Both of these prohibitions will last for over a decade. Just imagine: in 2025, when who knows what havoc is being wreaked by climate change, because of AB 398, our state agencies will be unable to create any new policies that limit emissions from the very drivers of climate change. These provisions — pushed into the bill by Big Oil — are a direct attack on the hard work of the environmental justice community, from our efforts to pass AB 197 to the organizing of grassroots groups to achieve refinery limits in the Bay Area. It is truly a step backwards for California climate policy.

2. Making it harder, rather than easier, to achieve our 2030 greenhouse gas emission reduction goals. Instead of crafting a policy with the primary objective of achieving the most effective emission reductions, AB 398 is focused on making it as cheap as possible for industry to comply. There are a plethora of provisions that assist industry at the expense of environmental integrity, ranging from an escalating budget for offsets to dedicated times in the coming decade when the Air Resources Board will intentionally depress prices in the cap and trade market. AB 398 also locks into place free allowances. Allowances are permits to pollute, which under cap and trade, industries are supposed to buy and sell. However, industry is also given a large quantity of allowances for free, which is based on an assessment by ARB. AB 398 guarantees free allowances until 2030 at levels much higher than what the agency recommends is necessary. This is yet another give-away to Big Oil and gas, who receive the lions’ share of these free permits.

AB 398 also failed to grapple with the over allocation of allowances. As the Legislative Analyst’s Office found, the current cap and trade system has flooded the market with permits to pollute. This means businesses can just buy as many allowances as they want at cheap prices, and prevents us from getting more on-the-ground emission reductions, while keeping prices low. Instead of creating a clear mandate to ensure this does not continue past 2020, AB 398 gives ARB wide discretion to address it. In the face of severe industry lobbying, getting regulatory action to reduce over allocation will be an uphill battle.
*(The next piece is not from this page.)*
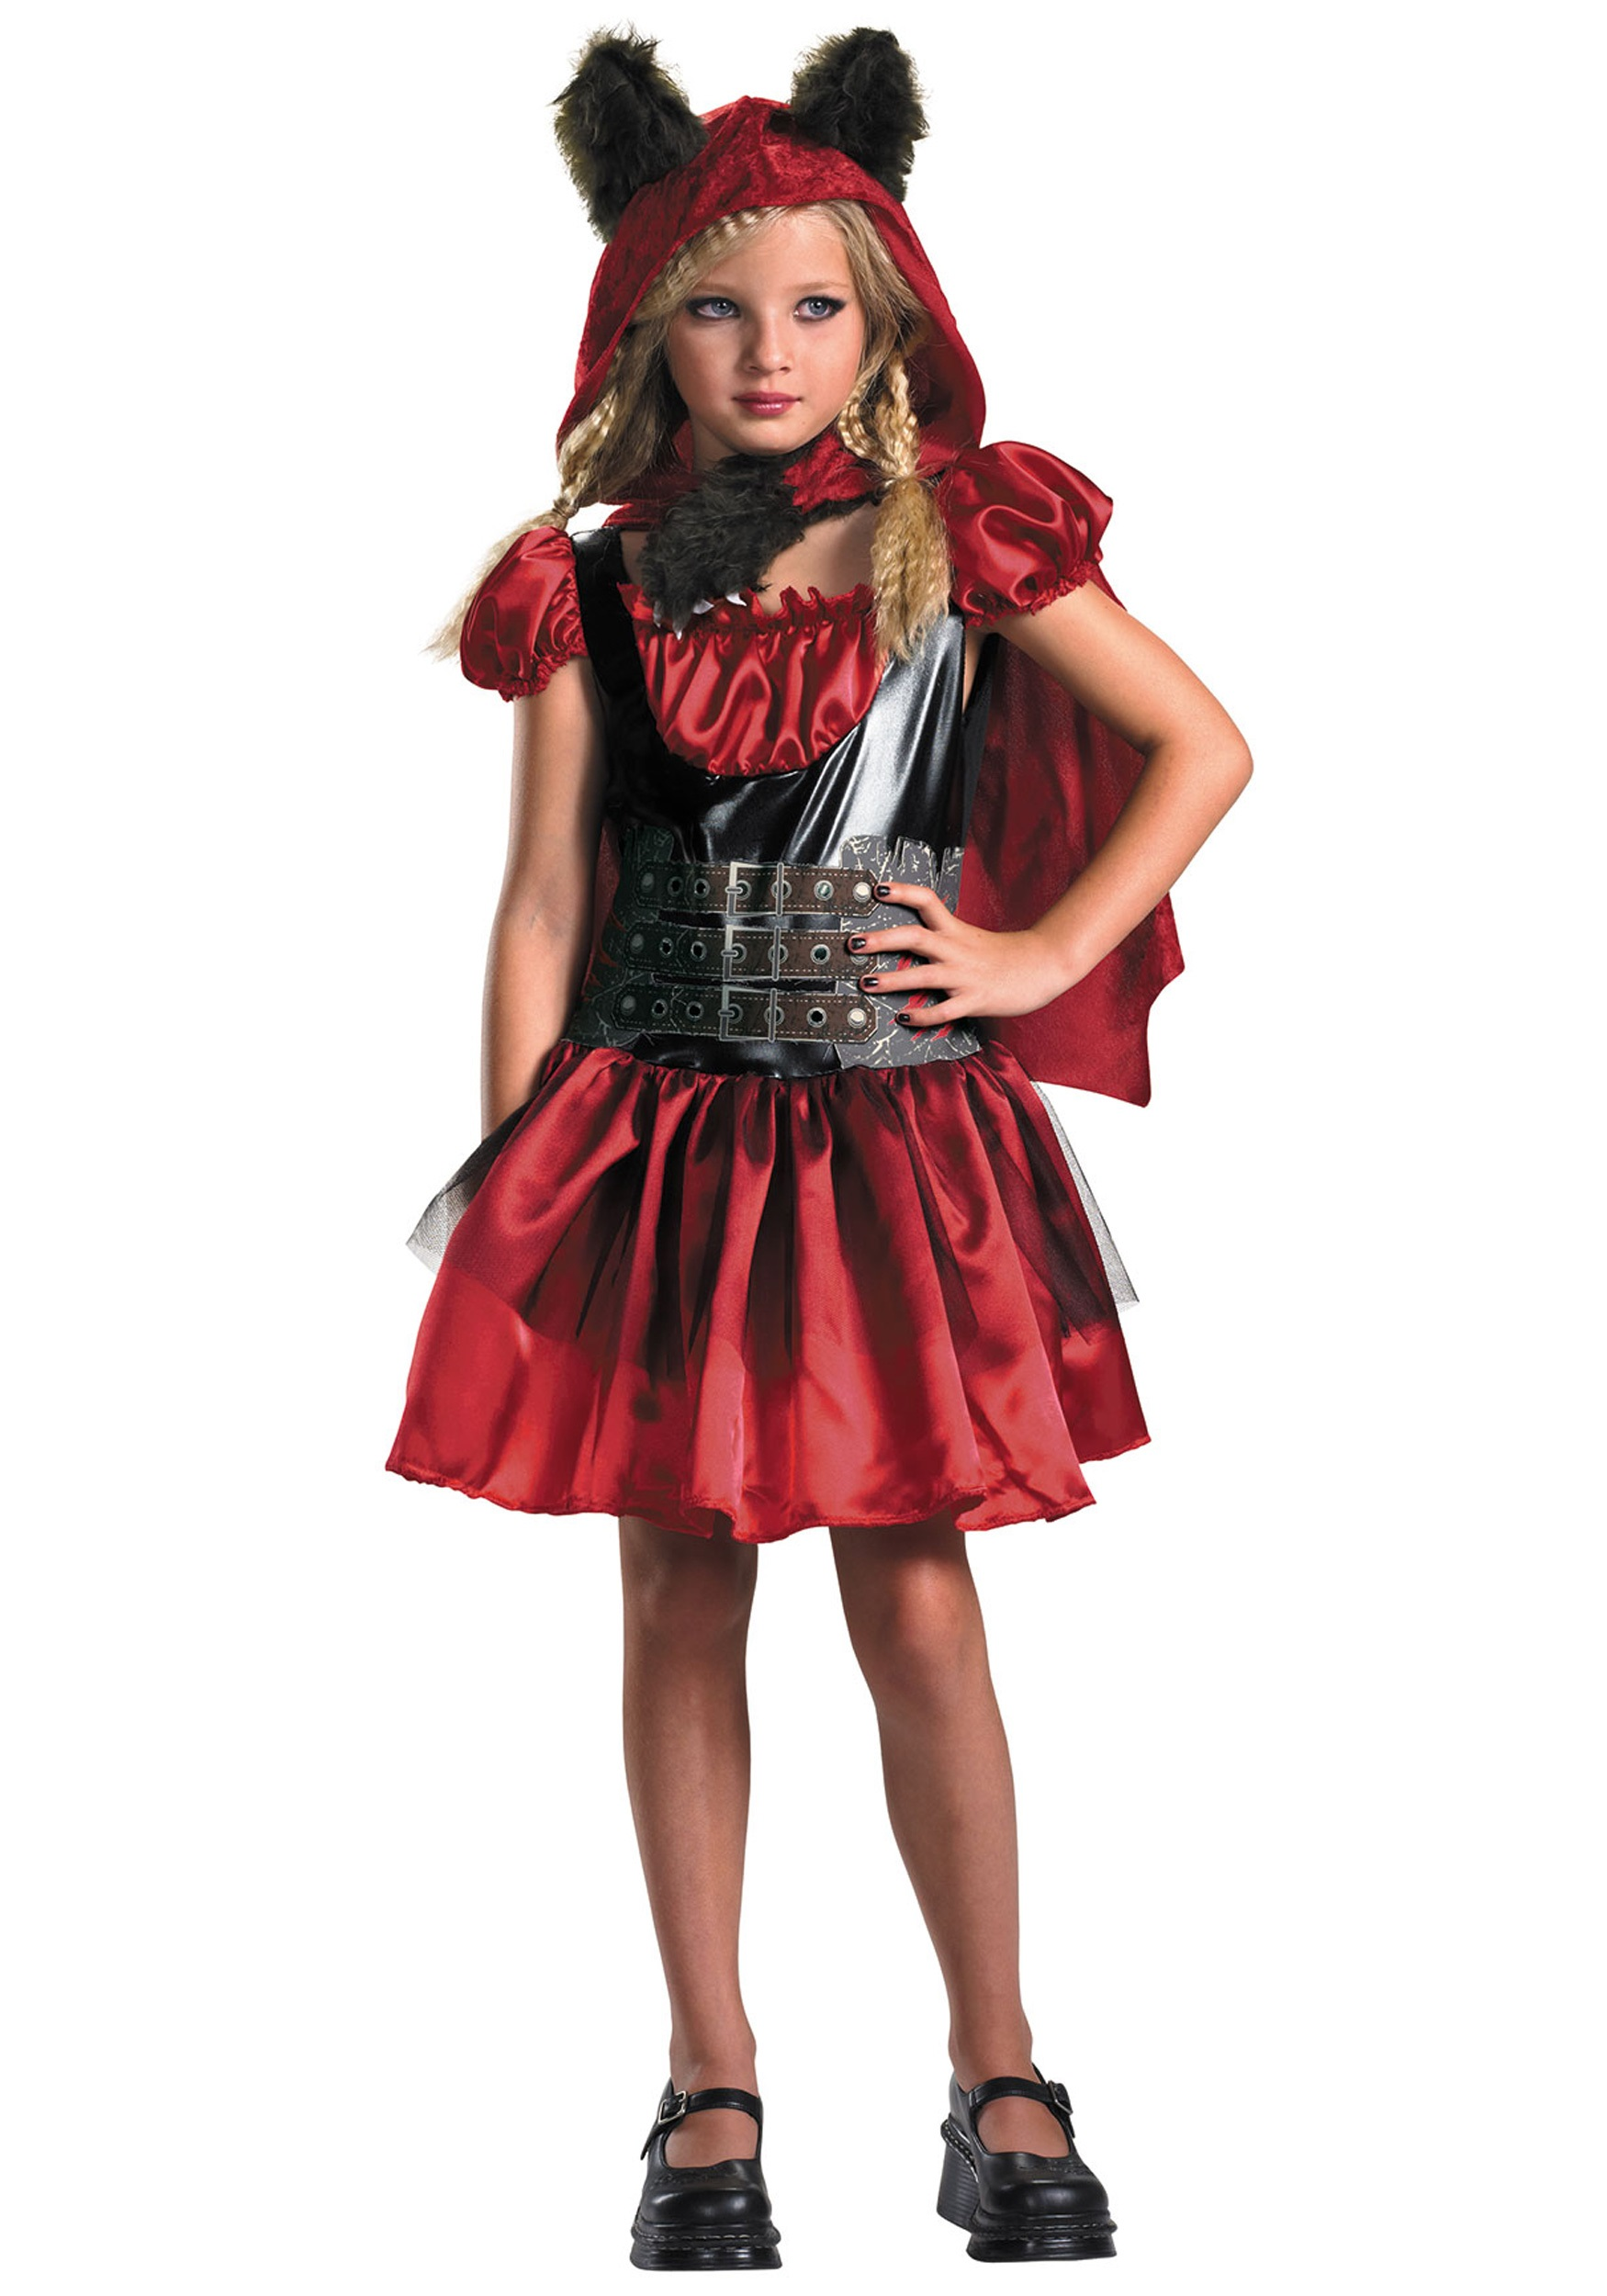 Girls Red Riding Rage Costume Halloween Costume Ideas 2019

3. Undermining climate revenues. Since cap and trade’s inception, prices per ton on carbon have hovered at the floor of the market. To reach our 2030 targets, we need a higher price to drive change at businesses. But AB 398 does nothing to help with that. With its abundance of cheap compliance options and allowances, we are more likely to continue seeing rock bottom prices. In addition, to court Moderate and Republican votes, the bill includes tax breaks and a fee repeal that will be backfilled by climate revenues, reducing investments by an estimated 15 percent, or approximately $300–500 million, annually. This is in addition to unknown millions in subsidies promised to Big Agriculture to bring them on board.

That’s not all of the bad news: in the quest for Republican votes, the Governor and legislative leadership gave the green light to a potentially dangerous ballot fight in 2018. The Friday evening before the AB 398 vote scheduled for Monday, the legislature introduced Assembly Constitutional Amendment 1. ACA 1 would require a ⅔ vote on cap and trade revenues starting 2024, and will go before voters in June 2018. If passed, ACA 1 would pull California climate policy back to the divisive days of ⅔ budget negotiations, where a small set of legislators can extract significant policy concessions in exchange for their votes. It would also most likely result in funding a range of dubious projects and programs that have very unclear — if none at all — climate or air quality benefits. And whether or not it passes at the ballot box, it creates a potential platform for Republican turn-out during critical 2018 primaries.

In the coming years, CEJA, our members and partners will be working to minimize the negative impacts of these provisions. We will continue our fight for equitable climate policy, and hope that legislative offices, agencies and environmental organizations join our effort.